While it may be argued that the ordinance's points have been raised more often than justified, the statistics may also indicate that the problem lies in the other direction. Whether rights ought to be given effect, in a particular case, is often the result of balancing those rights against other things. That the balance should so often go against the individual shows how little weight the court, or the judge concerned, attaches to those rights.

As pointed out by Dr Johannes Chan, whose expertise in ordinance cases is well recognised, the problem is thrown into sharp relief by the recent Privy Council decision releasing four Vietnamese migrants. The Privy Council judges in that case clearly adopted a much more serious attitude towards personal liberty than the Hong Kong Court of Appeal.

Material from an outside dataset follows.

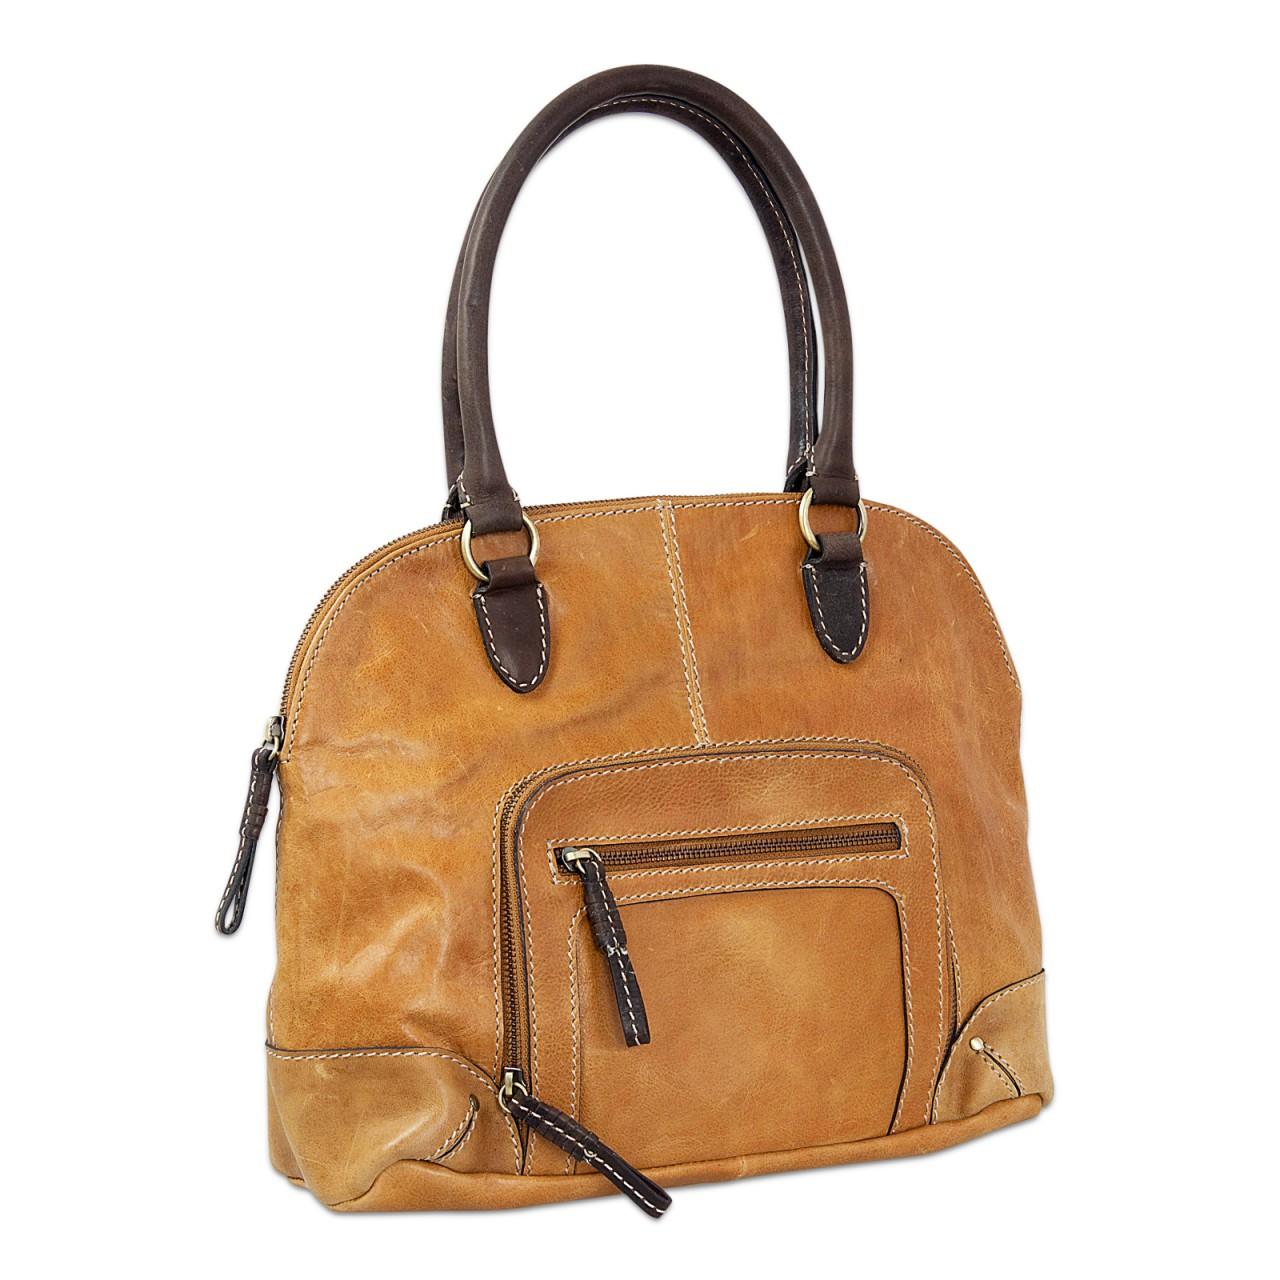 STILORD Vintage Handtasche groß Henkeltasche elegante Abendtasche für Damen - echtes Büffel Leder braun - Bild 1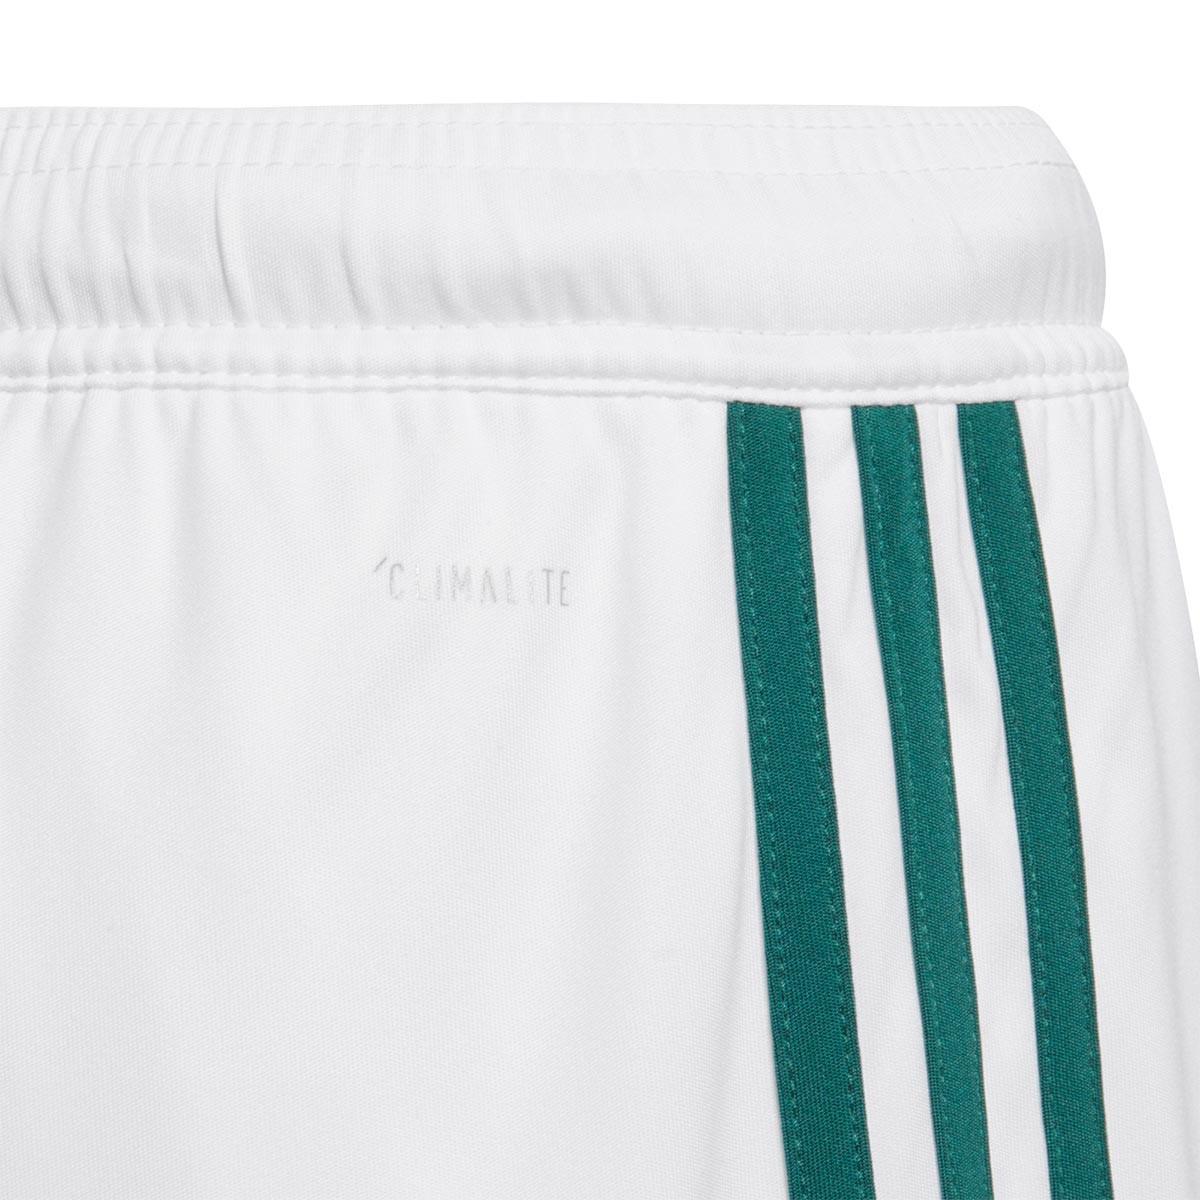 Equipación 2017 Niño White Mexico Primera Adidas Pantalón 2018 Corto qwWO0XnnI

It was not just a matter of weight. It affected the relevant principle of law perceived. The Privy Council considered whether the executive authority concerned exercising a power of detention lawfully or not, was a matter for the court's determination.

Whereas the Hong Kong Court of Appeal considered it a matter for the executive authority to determine, the court's power is limited to examining whether the determination of the executive authority has been inconceivably unreasonable.

In other words, the highest court in Hong Kong is prepared to accept a greater measure of power for the executive than the Privy Council. Here lies the doubt: are we going to have a court of final appeal which will adequately protect the rights of the individual against the executive, particularly if that court is going to be largely constituted by elevating the present Court of Appeal? An even more sobering case is the Privy Council decision in the Ming Pao case. In that case, Ming Pao newspaper, together with three of its editors, was charged under section 30(1) of the Prevention of Bribery Ordinance for disclosing, in August, 1994, the fact that the ICAC was investigating the widely-publicised incident of several developers 'joining hands' in a land auction in May that year.

In the trial before the magistrate's court, the defendants submitted there was no case to answer on two grounds: that section 30(I), correctly interpreted, required that there be identified suspects in the investigation, and there were no suspects in the August 1994 investigation of the ICAC; and that, in any event, section 30(1) was impliedly repealed for inconsistency with the ordinance.

The magistrate accepted both points, and the defendants were discharged. On appeal by the Crown, only the second point was argued.

On that point, the Court of Appeal overturned the magistrates' decision.

The defendants appealed to the Privy Council.

In the decision given earlier this month, the Privy Council determined in favour of the defendants on the first point but against them on the second.

Thus, while the defendants went free, section 30(1) has become more unassailable than before, at least on the purely legal basis. Hailed as a 'compromise' judgment by lawyers, in that case the Privy Council deferred to the local courts and the local legislature for striking the balance between the freedom of information and the need for draconian anti-corruption legislation.

The Privy Council accepted the principles put forward by the defence counsel on what any legislation seeking to restrict human rights must be subject to, such as necessity and proportionality, but took the view that the judgment of the necessity and proportionality of section 30(1) is best left to the local courts.

Whether their lordships' line of reasoning is entirely faultless or not (and criticisms are certainly possible), the point I wish to make is that we are thrown back on the attitude and values of our own courts on a matter of balancing human rights against the power of the executive - with far from satisfactory results.

What these cases press home to us is that we do not only need an independent judiciary. We need judges with conviction over the protection of human rights, particularly in the court of final appeal.